### [Problem to solve]
A single count is required: the lines of the data below in which the word "gold" occurs.

### [Information shown]
>>>

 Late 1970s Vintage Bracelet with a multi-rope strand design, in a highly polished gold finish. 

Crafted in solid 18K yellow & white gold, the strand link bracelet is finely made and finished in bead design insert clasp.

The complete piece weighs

<<<

### [Expected output]
2